A spinel is an important class of oxide consisting two types of metal ions withs the oxide ions arranged in ccp layers . The normal spinel has one -eight of the tetrahendral holes occupied by one type of metal ions and one- half of the octaherdral holes occupied by another type of metal ion.

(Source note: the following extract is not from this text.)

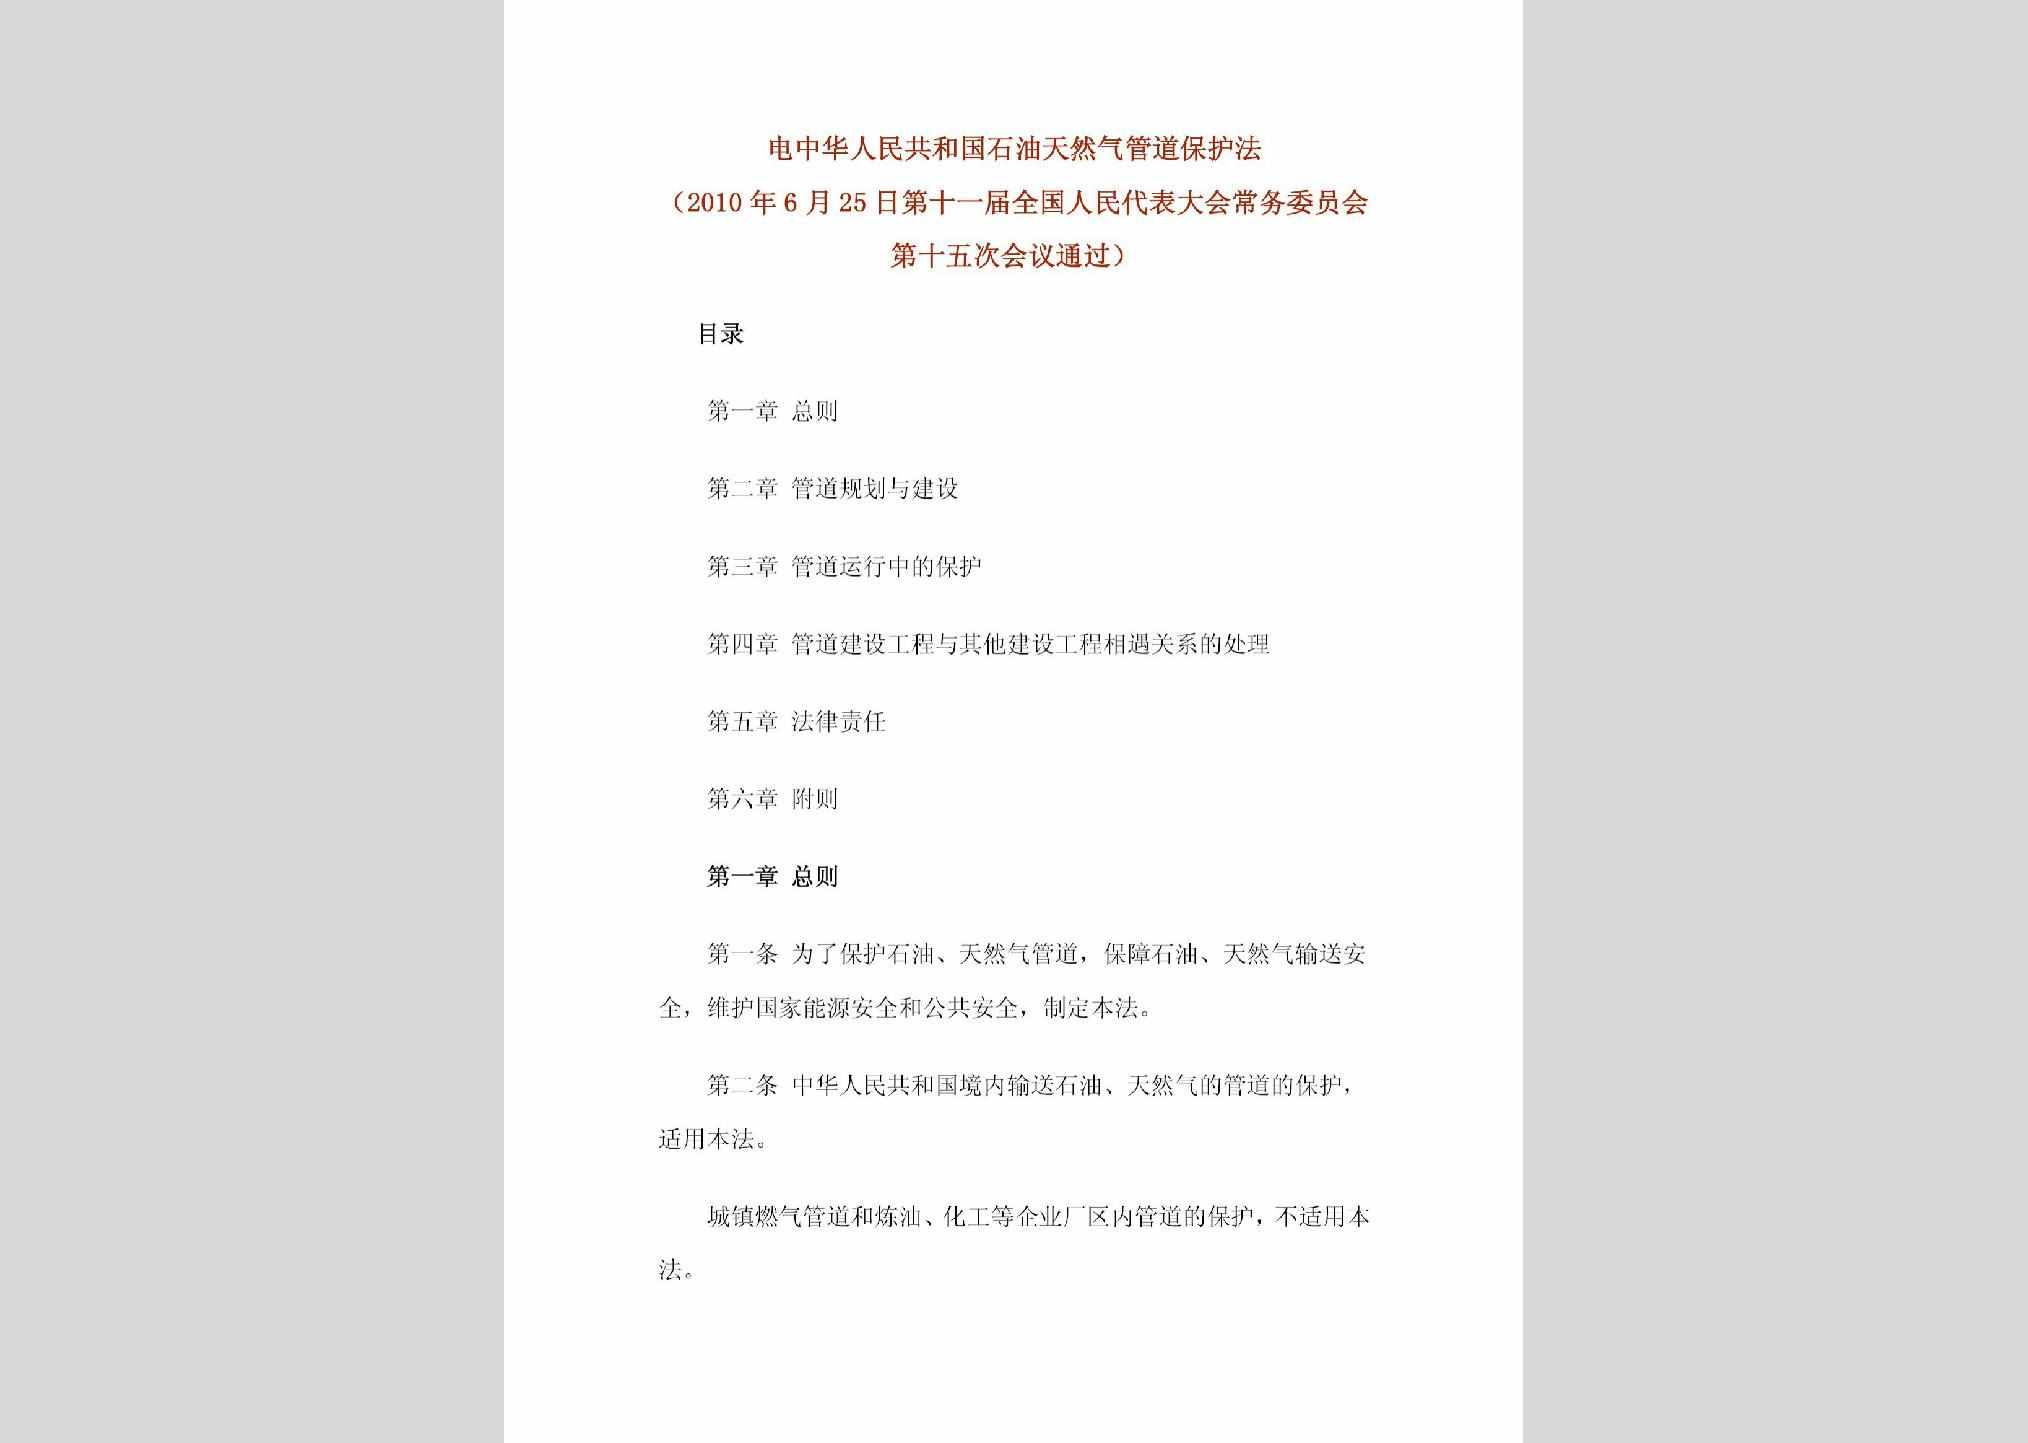 中华人民共和国主席令[2010]30号：中华人民共和国石油天然气管道保护法
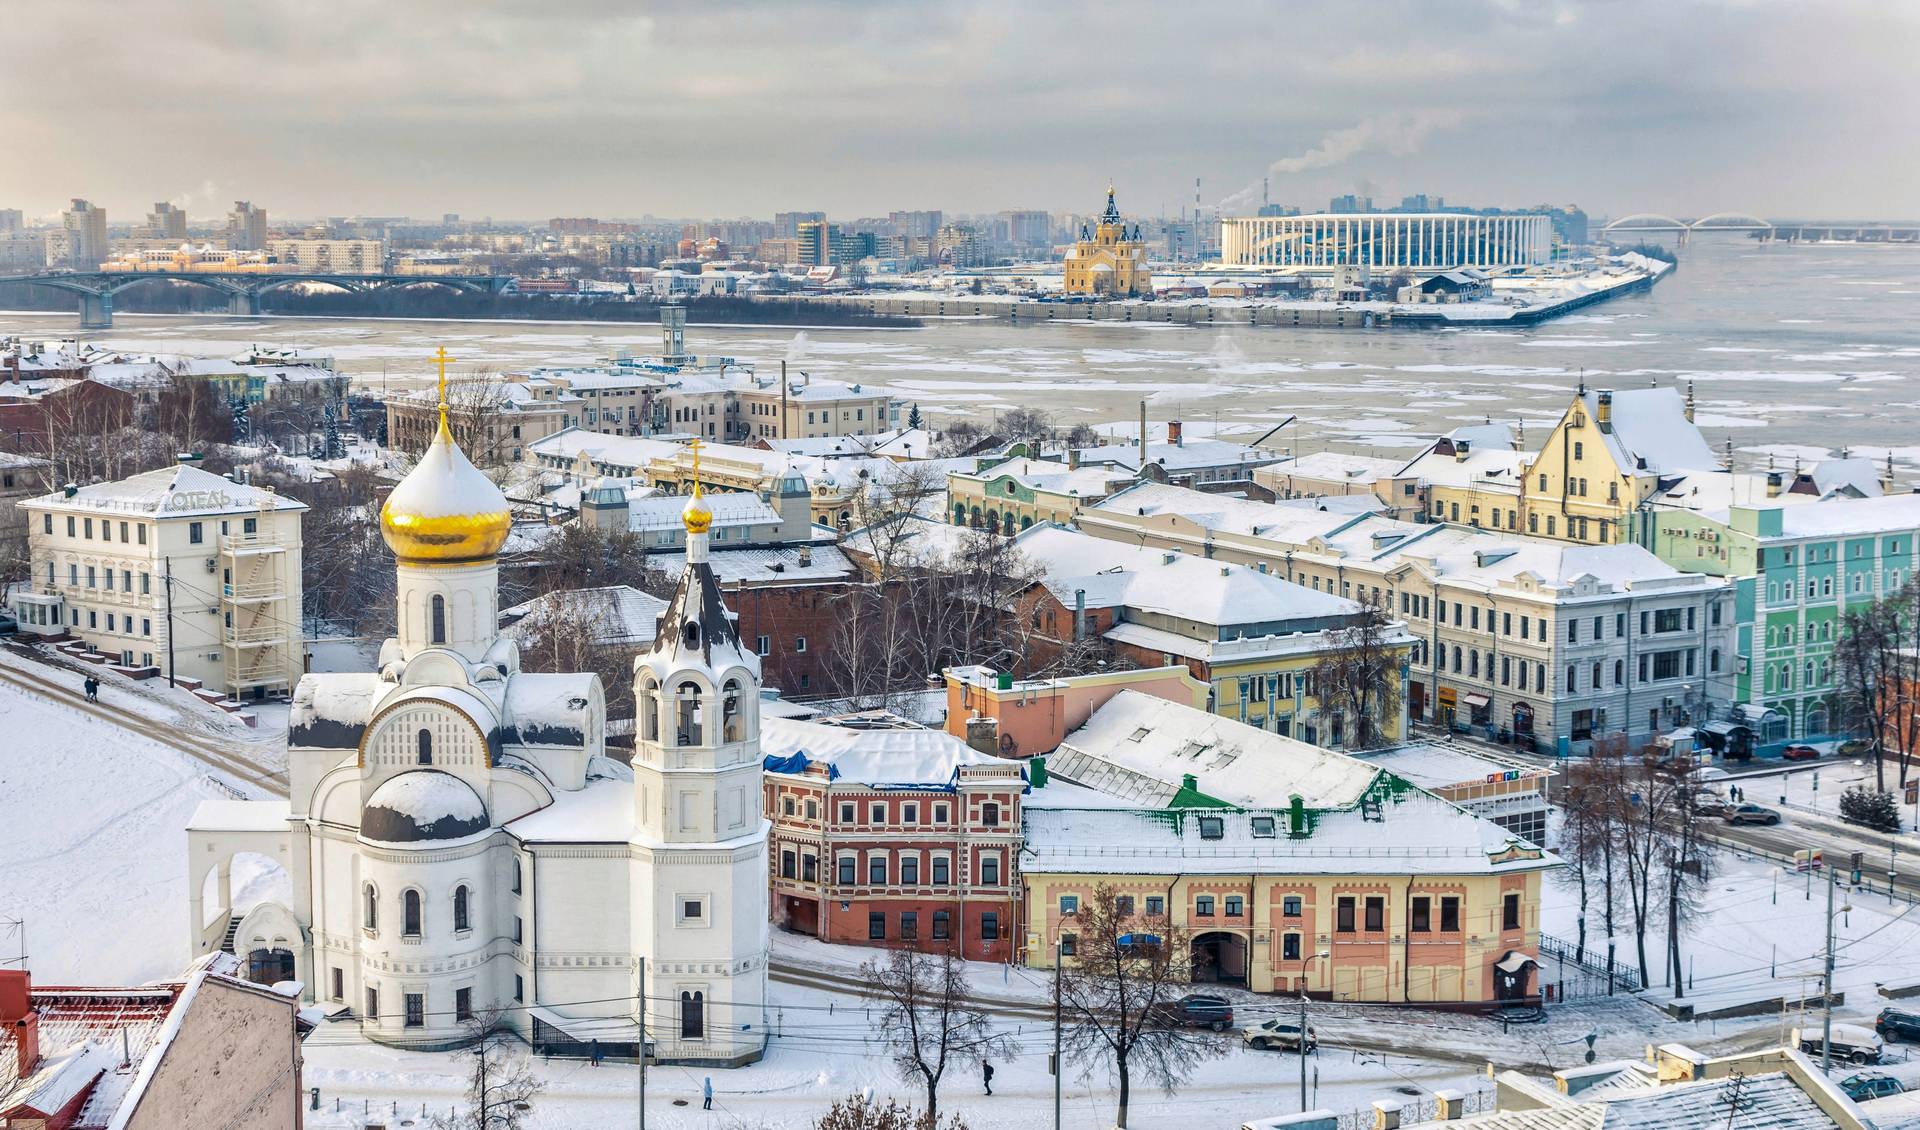 Нижний Новгород в январе: новогодняя сказка

Such a spine is formed by `Mg^(2+), Al^(3+) and O^(2-)` . The netutrality of the crystal is benig maintained.
If oxide ion is replaced by `X^(-8//3)`, the number of anionic vacancy per unit cells is :

To solve the problem regarding the spinel structure and the replacement of oxide ions with `X^(-8/3)`, we can follow these steps: ### Step-by-Step Solution: 1. **Understanding the Spinel Structure**: - A normal spinel structure consists of oxide ions arranged in a cubic close-packed (CCP) or face-centered cubic (FCC) lattice. - In this structure, there are tetrahedral and octahedral voids where metal ions can occupy. 2. **Calculating the Number of Oxide Ions**: - In a CCP structure, the total number of oxide ions (O^2-) can be calculated as follows: - There are 8 corner atoms, each contributing \( \frac{1}{8} \) to the unit cell. - There are 6 face-centered atoms, each contributing \( \frac{1}{2} \) to the unit cell. - Therefore, the total number of oxide ions in a unit cell is: \[ \text{Total O}^{2-} = 8 \times \frac{1}{8} + 6 \times \frac{1}{2} = 1 + 3 = 4 \] 3. **Charge Balance**: - The total charge contributed by the 4 oxide ions is: \[ \text{Total charge from O}^{2-} = 4 \times (-2) = -8 \] - The spinel structure maintains electrical neutrality, which means the positive charges from the metal ions must balance this negative charge. 4. **Replacement of Oxide Ions**: - If one oxide ion (O^2-) is replaced by `X^(-8/3)`, we need to determine how many such replacements occur. - The charge contributed by one `X^(-8/3)` ion is: \[ \text{Charge from X}^{-8/3} = -\frac{8}{3} \] - If we replace 3 oxide ions with 3 `X^(-8/3)` ions, the total charge from these ions would be: \[ 3 \times \left(-\frac{8}{3}\right) = -8 \] 5. **Creating Anionic Vacancies**: - Originally, we had 4 oxide ions contributing a total charge of -8. - After replacing 3 oxide ions with 3 `X^(-8/3)` ions, we still have a total charge of -8, but we have lost one oxide ion. - This means there is now one anionic vacancy created in the unit cell because we have one less oxide ion than before. 6. **Conclusion**: - Therefore, the number of anionic vacancies per unit cell is **1**. ### Final Answer: The number of anionic vacancies per unit cell is **1**.